__TASK ITEM__:
Nothing but the lines below from the one containing "Bill Moggridge" through the one containing "City Split over casino decision" should appear in the answer, exact and without pictures.

__DATA SUPPLIED__:
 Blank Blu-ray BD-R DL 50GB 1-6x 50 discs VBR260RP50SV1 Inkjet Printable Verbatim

--

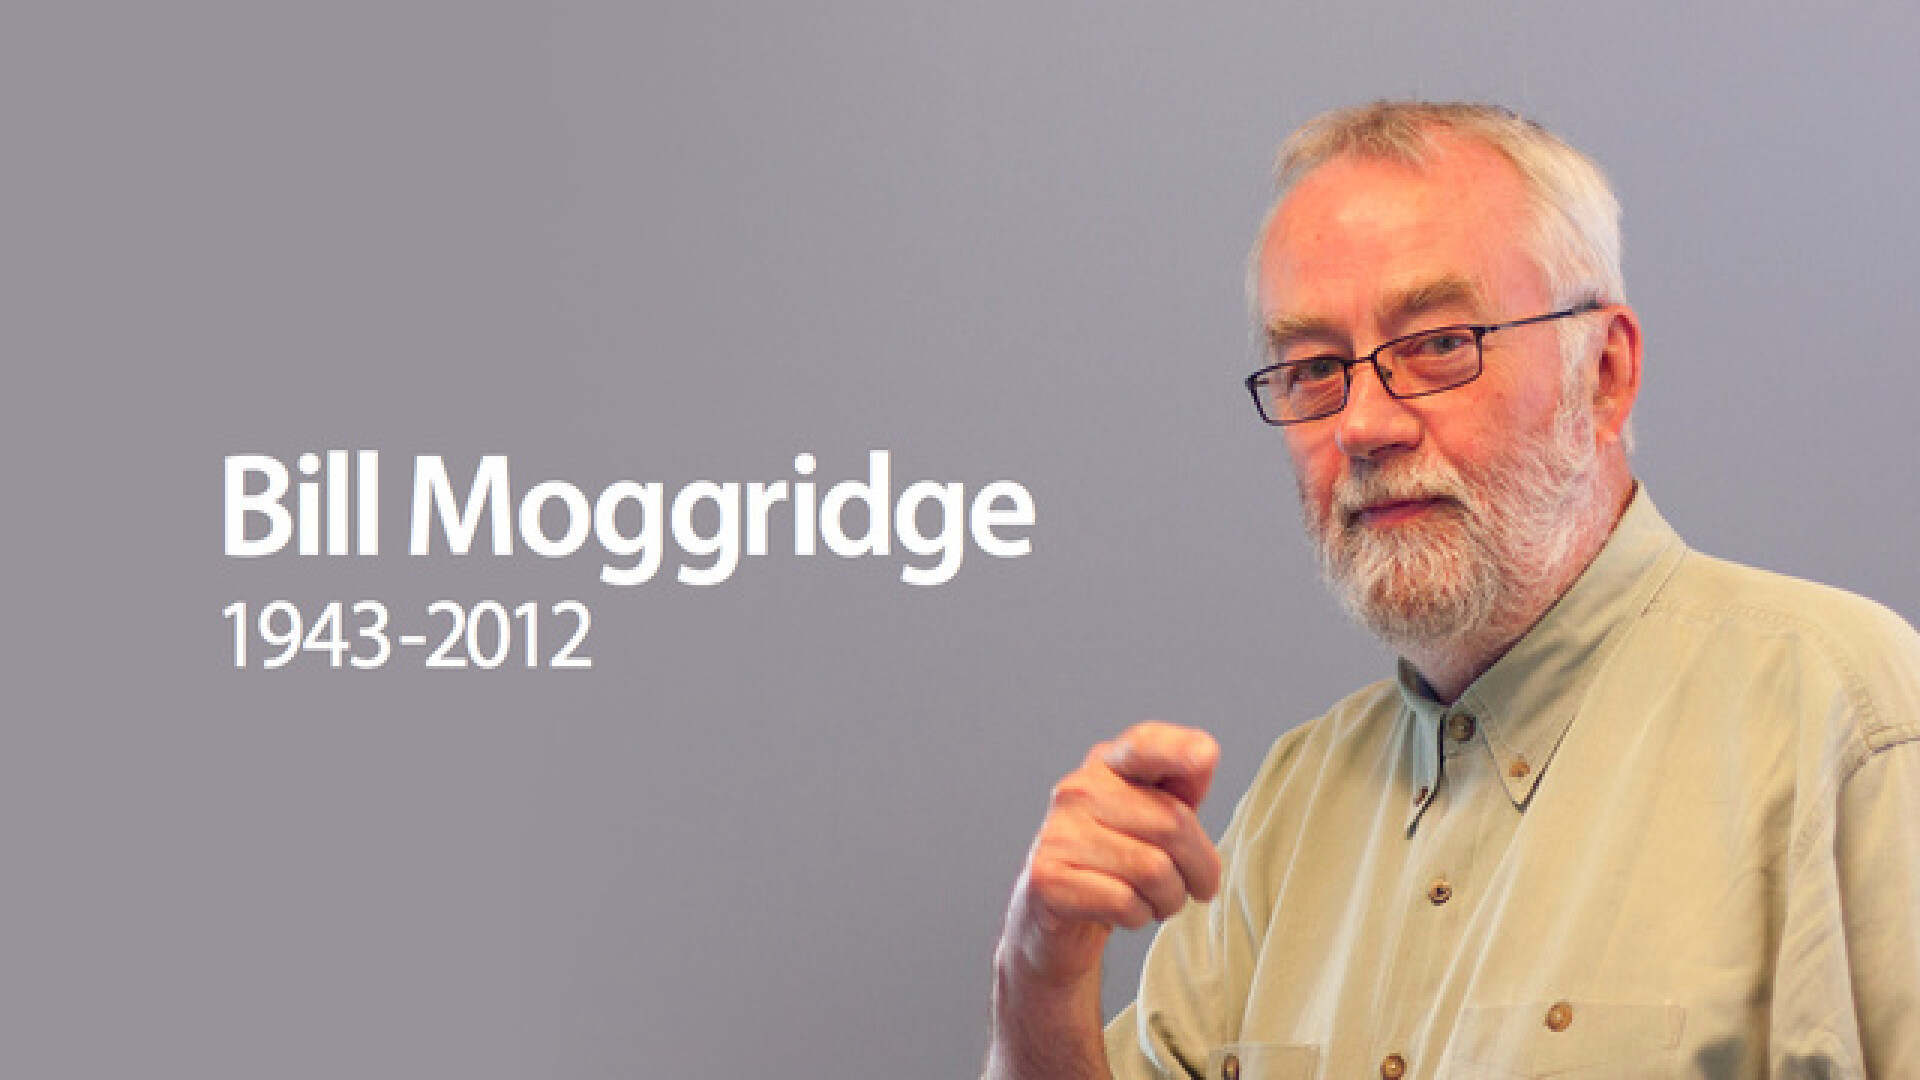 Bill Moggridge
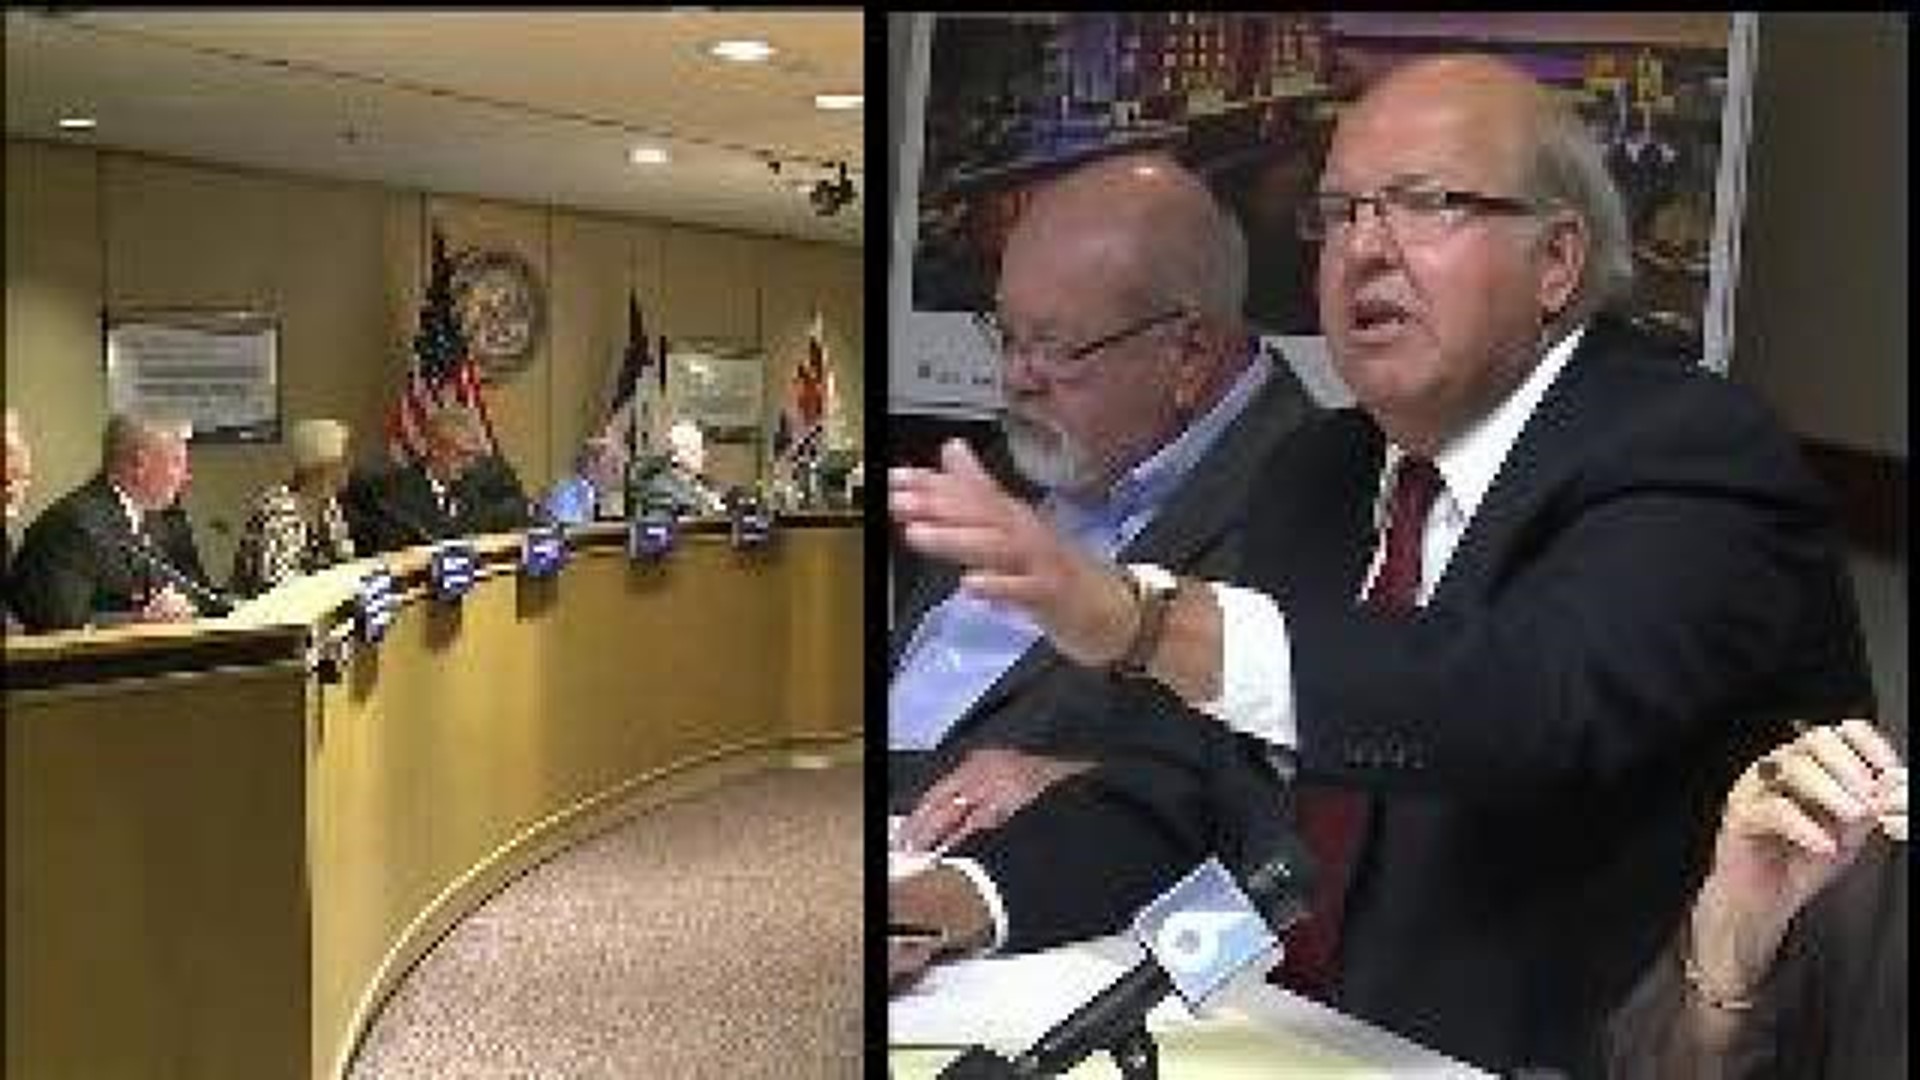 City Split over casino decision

__YOUR SOLUTION__:
 Bill Moggridge
 City Split over casino decision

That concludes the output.